Mas com a paciência de um monge bundista ele não desistiu. E Elizabeth foi cedendo ao seu charme maduro e sua resiliência obstinada.

Foi numa quinta-feira chuvosa que tudo enfim se consumou. A mulher era um verdadeiro furacão e daquele dia em diante passaria a frequentar o quarto do patrão com mais assiduidade do que qualquer outro cômodo daquele apartamento.

Só tinha um detalhe que o deixava incomodado. É que na hora G a mulher simplesmente enlouquecia. Gritava, urrava, esmurrava o peito dele, fazia um escarcéu de envergonhar gerente de bordel. Passado esse momento de fúria, ela dava um último suspiro lânguido e tombava inerte de lado, feito felina indefesa.

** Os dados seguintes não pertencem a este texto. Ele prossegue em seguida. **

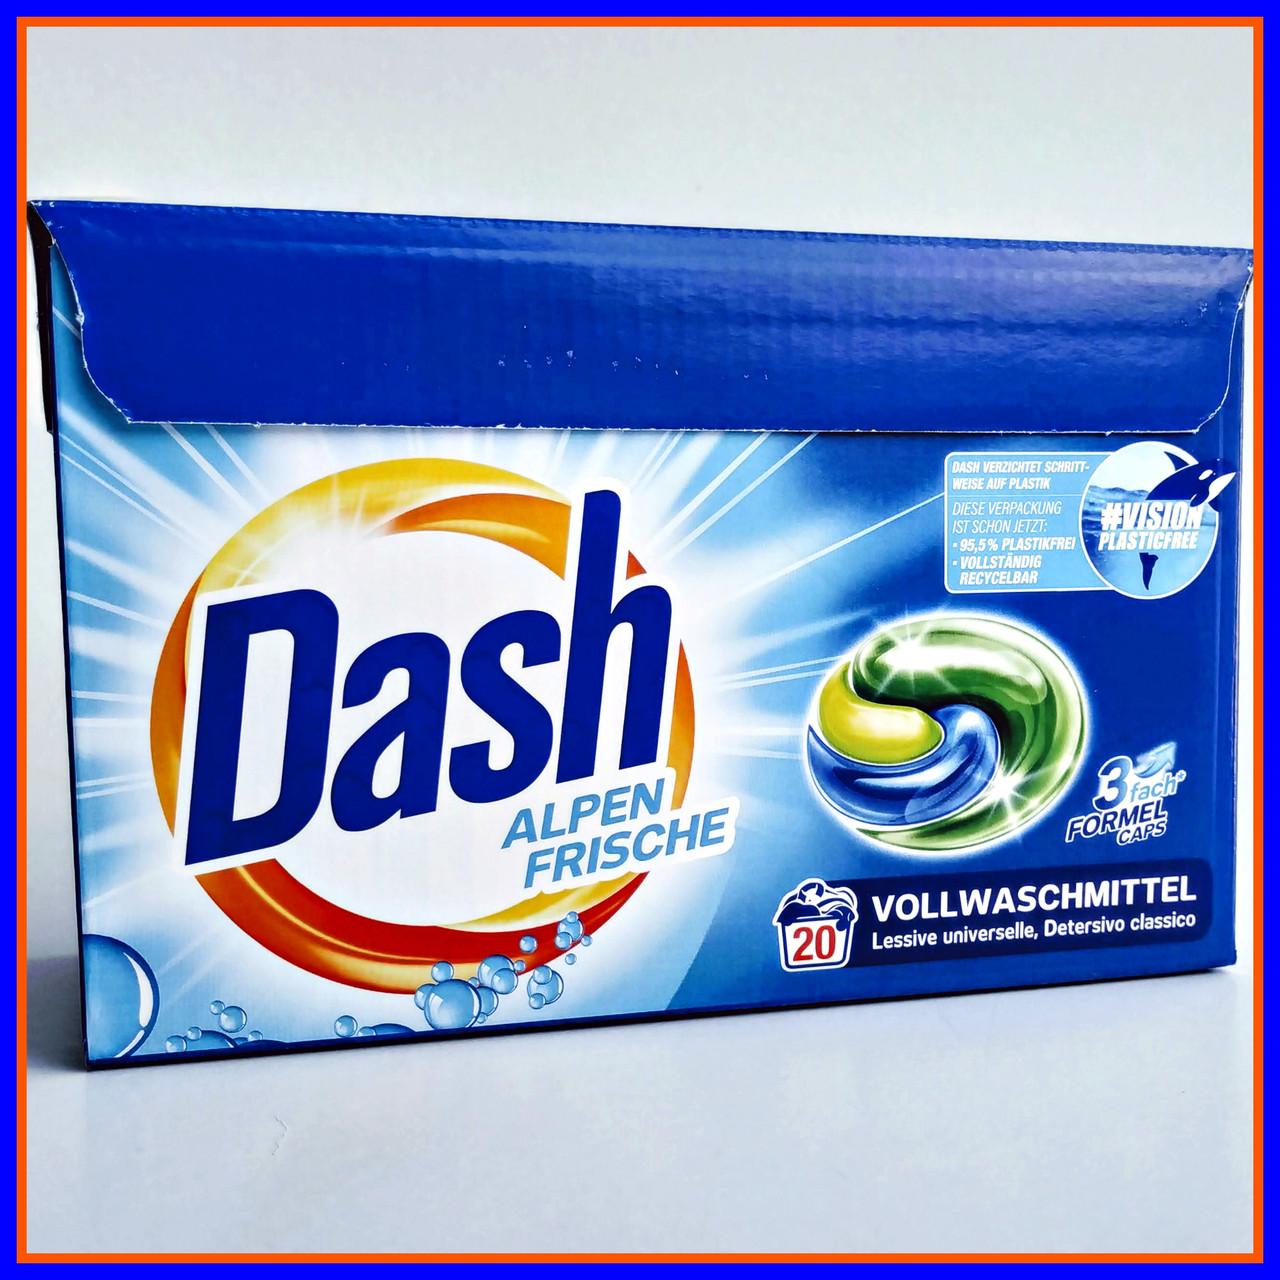 Капсули для прання універсальні Dash alpen frishe 3in1 20шт 530гр ОРИГІНАЛ

É preciso dizer que no início ele até gostou dos olhares oblíquos que lhe eram direcionados no elevador do prédio. Ostentava aquela gritaria como um troféu de abate, símbolo da sua virilidade inabalável. As desavisadas que se cuidassem. Toninho estava de volta no pedaço.

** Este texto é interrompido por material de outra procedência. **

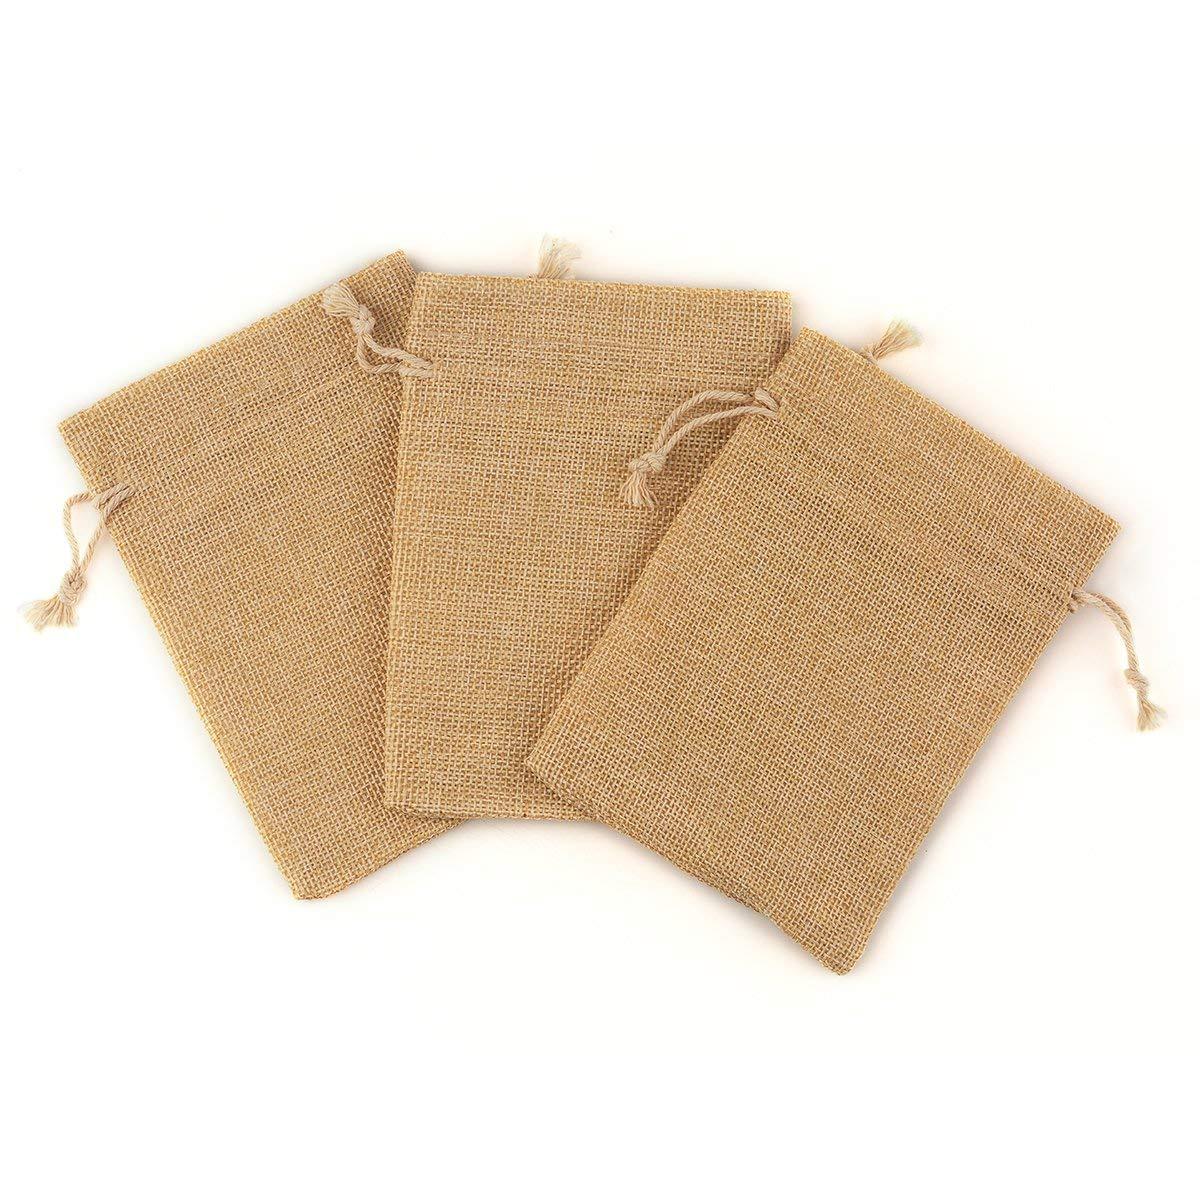 100 sacs de toile de jute de pièce avec des sacs-cadeaux de cordon pour la fête de mariage, projets d'art et d'artisanat, cadeaux, casse-croûte et bijoux, - 4

Mas aos poucos, com a constância duosemanal da fuzarca, os vizinhos começaram a se incomodar com o barulho, capitaneados pelo síndico cri cri, morador do apartamento ao lado, que chegou a utilizar um medidor de decibéis para provar que o barulho estava infringindo a legislação municipal.

–    Quem você pensa que é pra ficar monitorando o que eu faço na minha vida particular?

–     E quem você pensa que é? Ator pornô da terceira idade?

Estava declarada a guerra.

Toninho sabia que estava passando dos limites, mas não queria renunciar às benesses de dona Elizabeth, até mesmo porque ela era tremendamente profissional. Fazia malabarismos na cama de invejar trepazista do Cirque du Soleil, gritava, surtava, esperneava. Depois vestia o avental e ia passar aspirador na sala, como se nada tivesse acontecido.

–    Não esqueça de secar a área de serviço, dona Elizabeth.

–    Pode deixar que passo o rodo, senhor Antônio.

O síndico protocolou uma advertência por escrito, pela infringência do artigo 37 do estatuto dos inquilinos do conjunto residencial Paradiso.

Toninho sabia que o cerco estava se fechando e precisaria buscar uma rápida solução.

Teve a ideia de beijar Dona Elizabeth toda vez que a sessão escândalo se iniciasse, mas ela se ofendeu profundamente:

–    Nunca imaginei isso do senhor…

–    O que Elizabeth?

–    Que falta de respeito, não podemos confundir as coisas… Assim o senhor me ofende…quem pensa que eu sou para me beijar assim?, choramingou, enquanto se contorcia com alguns espasmos involuntários.

A relação começava a se deteriorar.

Um dia Elizabeth passou dos limites, gritando como se estivesse sendo espancada, para loucura do Toninho, que desesperado, tentou abafar os sons colocando um travesseiro sob seu rosto.

Dona Elizabeth não suportou tamanha humilhação e jamais retornou àquele apartamento.

Toninho entrou em profunda depressão. As segundas e quintas só não eram mais vazias que seu maltratado coração. O lixo se acumulava pela casa, veloz como sua tristeza. Ficou semanas sem dormir, nem pôquer jogava mais.

Demorou para que Toninho voltasse a dormir. Mas não por muito tempo.

Uma gritaria infernal, e terrivelmente familiar, invadia seus tímpanos feito tortura chinesa, vinda do apartamento ao lado.

No dia seguinte mal conseguiu conter sua dor ao dividir o elevador com dona Elizabeth, a nova diarista do síndico do Paradiso.